Awesome! So, should the VM generate a virtual_mac_address to start with or it will be generated automatically? "The VRRP RFCs state that an ARP broadcast must be sent for each VIP". Does this happen everytime a failover occurs?

pqarmitage commented 1 month ago

keepalived has a complete implementation for using VMACs (unlike some other Linux VRRP implementations). It will create the VMAC interface, configure the correct MAC address, set the VMAC interface to the right mode, bring the interface up etc). So all you need to do to change from not using a VMAC to using a VMAC is add the use_vmac keyword; keepalived wil do the rest for you.

Whenever a VRRP instance transitions from backup to master state, it will send ARP broadcasts for each VIP (including any virtual_ipaddress_excluded). By default keepalived will send 5 GARP messages for each VIP, and then 5 seconds later send a second set of 5 for each VIP; this is probably overkill nowadays with modern switches. The parameters that control the sending of garp messages are the global: vrrp_garp_master_repeat vrrp_garp_master_delay vrrp_garp_lower_prio_repeat vrrp_garp_lower_prio_delay vrrp_garp_master_refresh vrrp_garp_master_refresh_repeat vrrp_garp_interval vrrp_gna_interval

and the corresponding keywords per VRRP instance without "vrrp_" at the beginning.

There is also the global keyword vrrp_min_garp that makes keepalived send just one GARP for each VIP after transition to master state, with no further GARPs 5 seconds later. vrrp_garp_extra_if can also be read about in keepalived.conf(5) man page. And there are also garp_groups.

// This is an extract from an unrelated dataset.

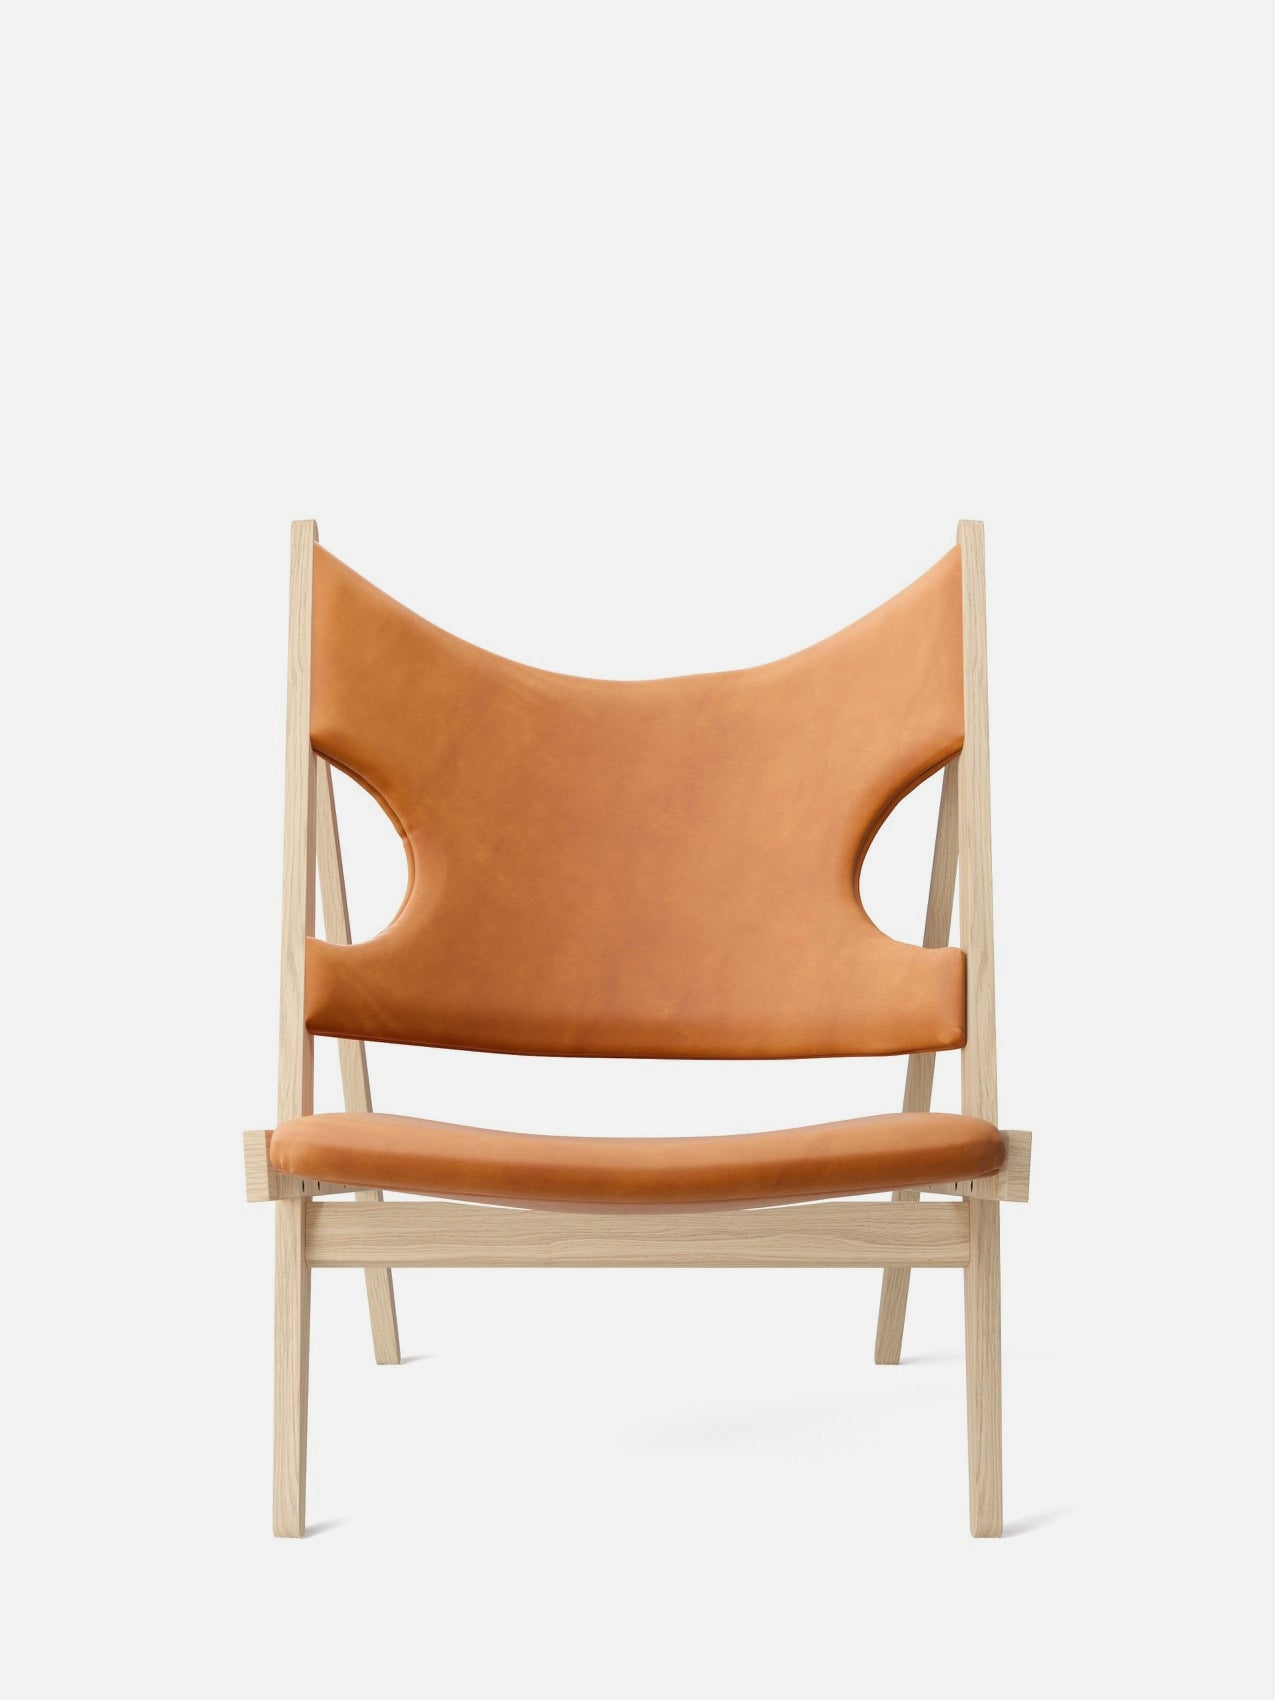 Knitting Chair-Lounge Chair-Ib Kofod-Larsen-Lounge Height (Seat 11.8in H)/Natural Oak-Cognac/Dunes-menu-minimalist-modern-danish-design-home-decor

heheii commented 3 weeks ago

Hi @pqarmitage - We have resolved the issue ourselves. Thanks very much for your inputs in understanding how keepalived works.

We want to know if we can use a virtual-mac-address when the device fails-over like in routers (vrrp) the standby device doesn't change need to send it mac-address in a arp broadcast? The reason is every time we failover the system doesn't process traffic for 20-30 mins (intermittent) and then starts processing and we think the device B becomes master and it will update is mac address to connected switches. Anytime there is a state change the VRRP does its job of ARP broadcast in order for its neighbours to know that it owns the list of IPs.

Why is the service occasionally unavailable for 20-30 minutes after a failover? Is the update of ARP table slow due to the shortage of server resources? I also encountered a similar problem, looking forward to your reply

pqarmitage commented 3 weeks ago

In normal operation the service should be restored within a small number of seconds, although it depends on you configuration. When a VRRP instance takes over as master, it send gratuitous ARP messages for the VIPs, and so ARP entries should be updated; I think inactive ARP entries time out in 5 minutes, so that shouldn't be the cause.

Without being able to see what is happening on your systems, what your configurations are, and what network traffic there is, it is clearly impossible for us to diagnose what is happening on your network. I suggest you inspect the keepalived logs, capture network traffic following a failover and look at where relevant packets are going and where, if anywhere they are dropped, look at ARP caches, and identify what is happening and what is not happening. All that keepalived does in respect of VRRP is add and remove IP addresses, and send ARP updates.